As everyone probably knows I couldn’t run at nationals. This is what I consider to be a bad situation–or as I said yesterday “life is a b**** sometimes”. I’m not denying this. I was/am really upset. No one who worked really hard for
a year2 years toward a goal(because I wasn’t able to race last year either) enjoys being on the receiving side of bad luck or Murphy’s law. I apologize for sulking, being mad, sad, upset, unreasonable, and miserable the past few days. Mother, I’m sorry that you think I hate you–I do not. I understand that you are probably just as angry at this situation as I am and that you probably want to “fix” it. I appreciate that but you can’t fix it no matter how hard you try–I wish you could. Let’s hope and pray someone can fix it. My life would be so much easier if I could just call my parents to fix things like when I was a child.

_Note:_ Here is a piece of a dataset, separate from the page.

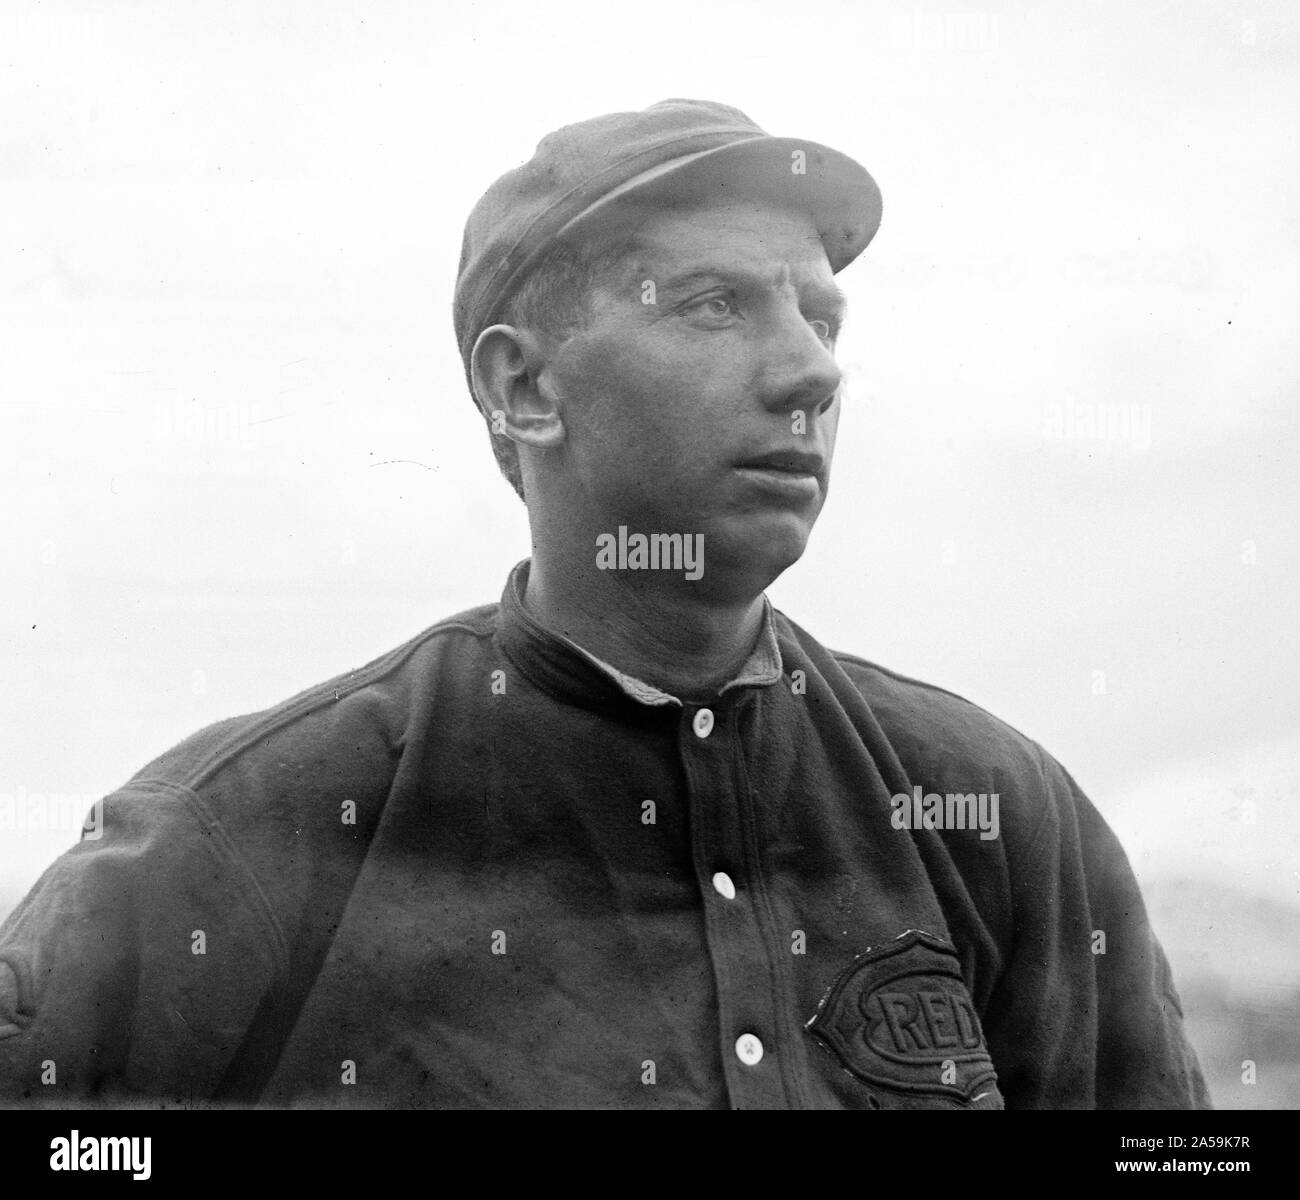 Photograph shows baseball player Arthur Henry Fromme (1883-1956), who was a pitcher in the Major Leagues from 1906-1915. Stock Photo

I’m tired of being upset about this. A wise man once said “It is what it is”. I didn’t run at nationals last year. I didn’t run at nationals this year. I can’t run at the moment. I can’t change any of these things. I can however look forward. Soooo……I’ll be 3x as prepared to run xc nationals next year since I haven’t ran xc nationals since 2012. And if for some unforeseen reason I can’t run the race next year then I’ll just be 4x as prepared in 2016. Don’t get me wrong–I am in no way happy about this. I’m simply trying to keep my glass half full. I also bought myself a gift today.
A cat necklace. Cats make me happy and I think I needed something to cheer me up and make me less upset that I could not race. This did help. Phil also helped. He knows how much I wanted to race, how hard I’ve worked, how many windy, cold, rainy, late night workouts I’ve done to prepare and he just let me talk about this for a good 45 minutes to an hour last night and simply just listened. I appreciate that. Sometimes people don’t need advice or solutions, they just need a person to rely on and listen to them. I’m lucky that I have Phil and that I have a lot of other supportive people in my life. I have great friends, a great family, and great teammates.
I can’t control this but I can control how I respond to it. Here is my response: somehow, someday, someway things will be better. Somehow, someday, someway I’ll run the race of my life at the right time. Somehow, someday, someway I will wake up feeling 100% healthy everyday thereafter.